● WORK REQUEST: Give the data below again exactly as written, but without the pictures.

● DATA BLOCK:
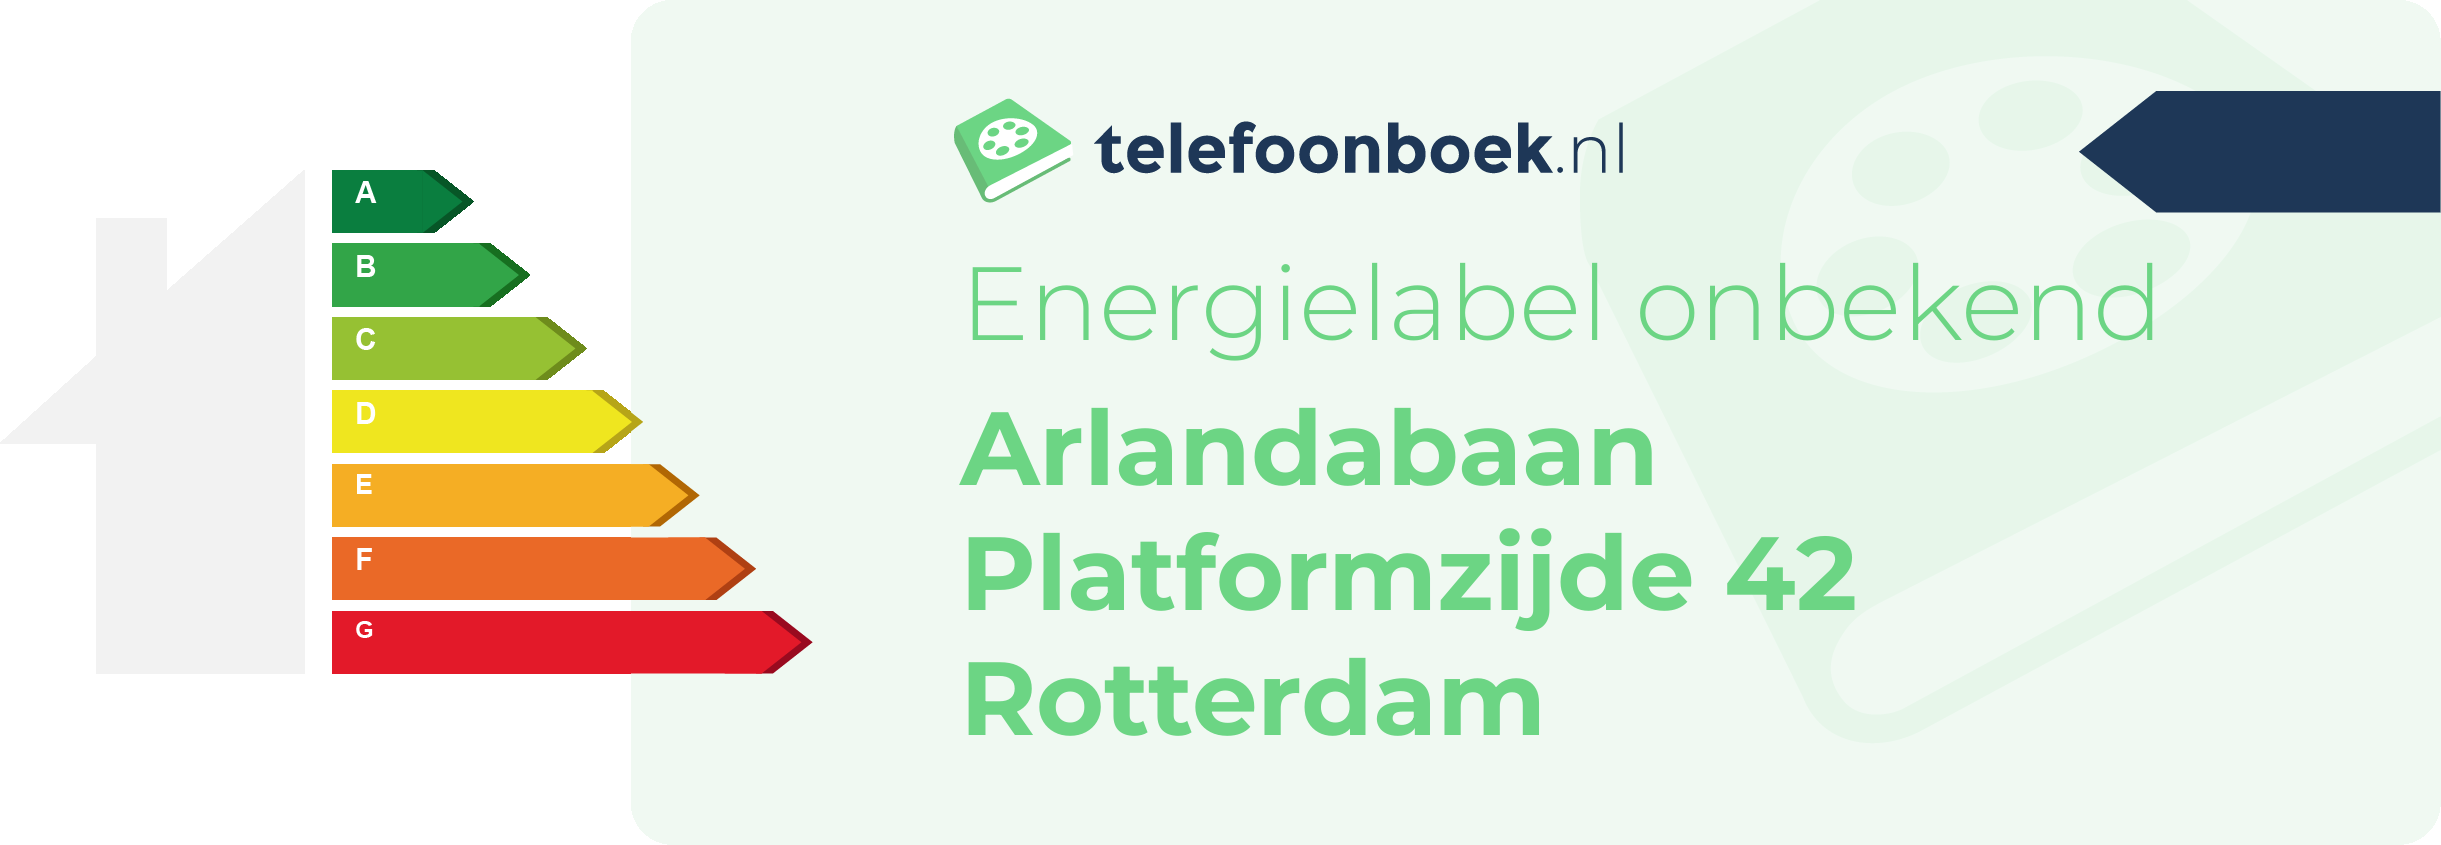 Energielabel Arlandabaan Platformzijde 42 Rotterdam
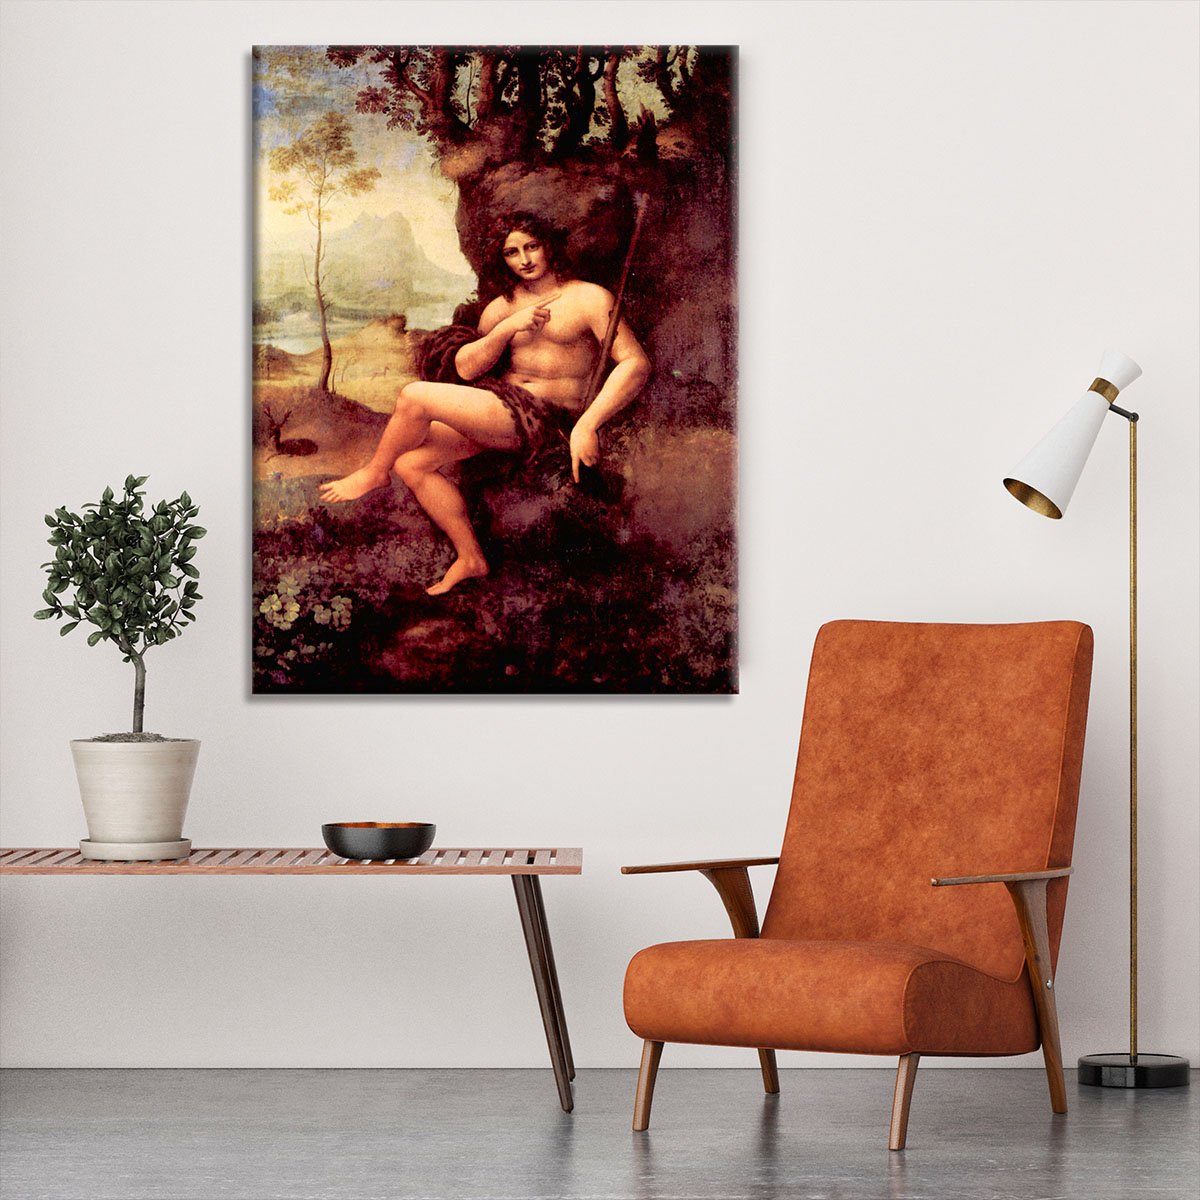 Bacchus by Da Vinci Canvas Print or Poster
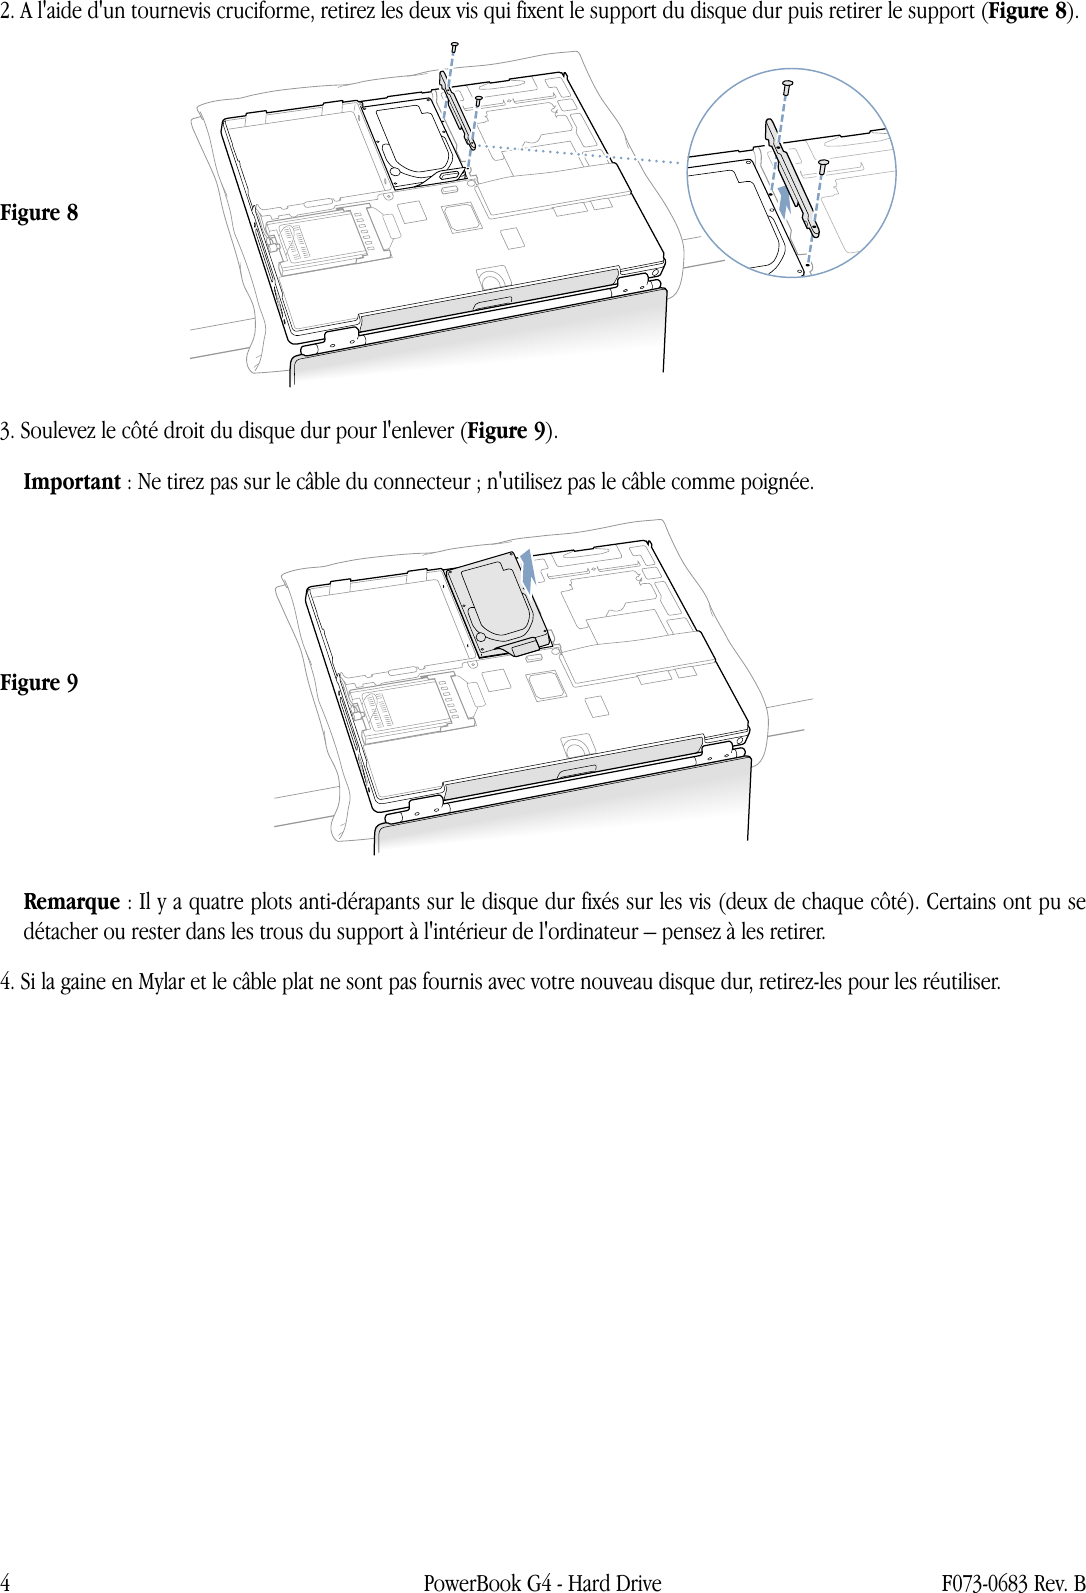 Page 4 of 8 - Apple PowerBook G4 (DVI) Hard Drive User Manual Power Book G4 (DVI, 1GHz/867MHz) - Disque Dur Instructions De Remplacement Pbg4dvi-hd-cip

● WRITTEN SOLUTION:
 Energielabel Arlandabaan Platformzijde 42 Rotterdam
 Bacchus by Da Vinci Canvas Print or Poster
 Page 4 of 8 - Apple PowerBook G4 (DVI) Hard Drive User Manual Power Book G4 (DVI, 1GHz/867MHz) - Disque Dur Instructions De Remplacement Pbg4dvi-hd-cip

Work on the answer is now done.